The Charitable Remainder Trust (CRT)
Nov. 8, 2022
The tax Code provides a very strong incentive for making gifts of appreciated property to charity. Not only is there an income tax deduction for the fair market value of the contributed property, which offsets ordinary income, but at the same time you do not recognize the gain on which you would have been taxed had you sold the property and contributed the proceeds.
But what if you could claim a deduction for at least a portion of the value of the property, while also receiving an income stream from the proceeds of sale, somewhat in the manner of an installment sale?
This is the basic premise of the charitable remainder trust, or CRT. You contribute appreciated property to an irrevocable trust, which pays income back to you over your lifetime or for a term of years, with the remainder at your death or at the end of the term to one or more charities of your choice.
The trust itself is exempt from income tax, which means that when the property is sold by the trustee, there is no immediate tax on the gain. Instead, the gain is included in the amounts that are distributed to you as income over some number of years, somewhat in the manner of an installment sale.
Of course, there are a few requirements in the tax Code that must be met to achieve this result.
One, the present value of the remainder to charity must be at least ten percent. That calculation is made with reference to actuarial tables the IRS revises every ten years, which provide remainder factors based on current yields on Treasury notes on the date the trust is set up.

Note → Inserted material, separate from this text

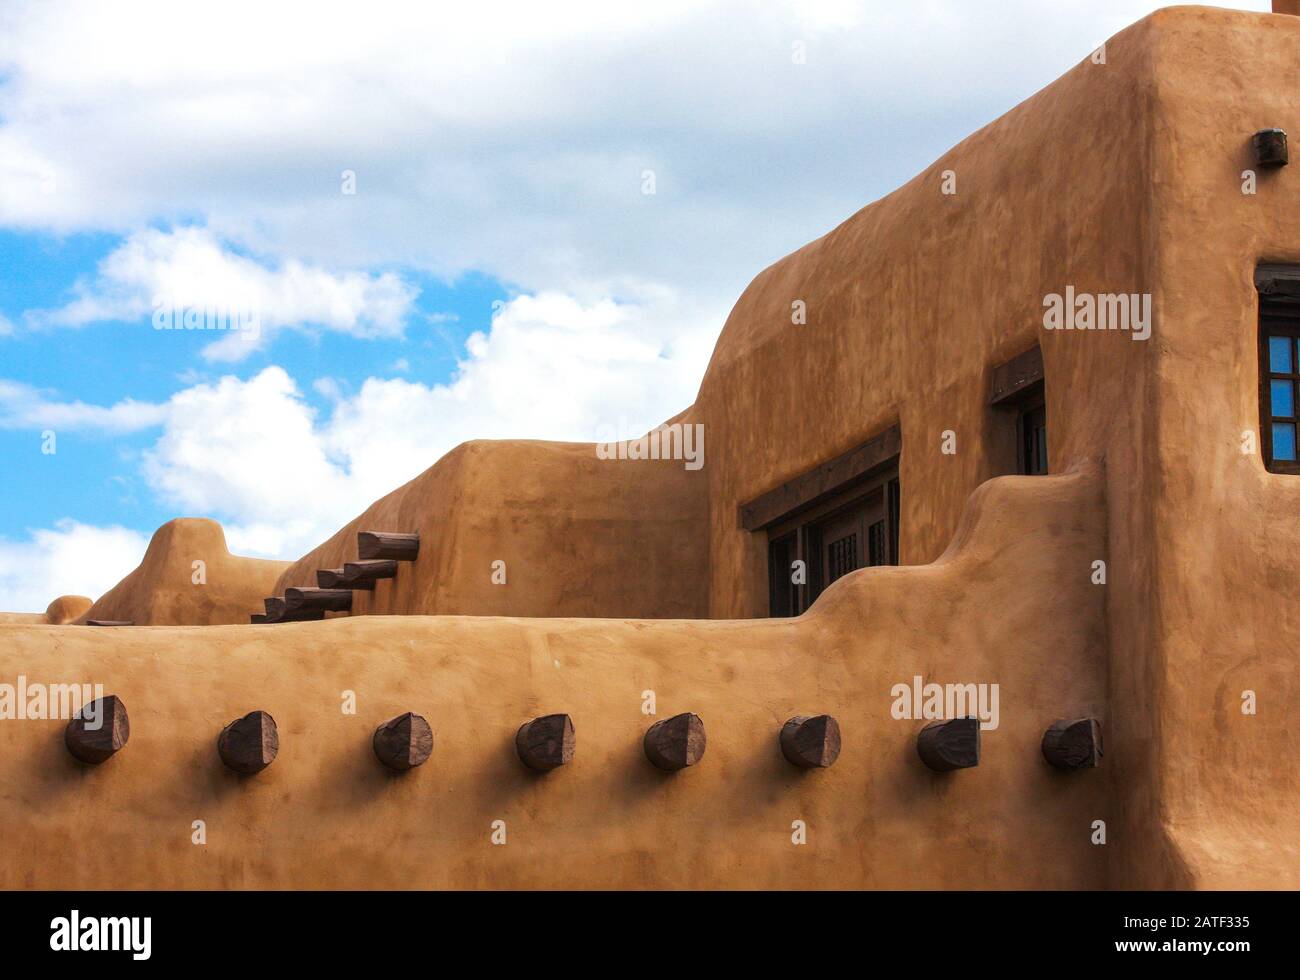 Pueblo adobe Stuckstuck Gebäude. Konturierte lehmziegelarchitektur mit Holzvigas. Santa Fe, New Mexico, USA Stockfoto

And two, your retained "income" interest must be in the form of either a fixed annuity, at least five percent of the fair market value of the property contributed to the trust, or a "unitrust" amount, also at least five percent. A unitrust is a fixed percentage of the value of the trust assets, updated every year.
It is also possible to set up a charitable remainder trust for the benefit of someone other than yourself, for example a spouse or child, and/or for more than one life, provided the ten percent remainder requirement is met. There may be gift tax implications to these arrangements, but these can be addressed by reserving a power to revoke the "income" gift, so that the gift is incomplete until distributions are actually made.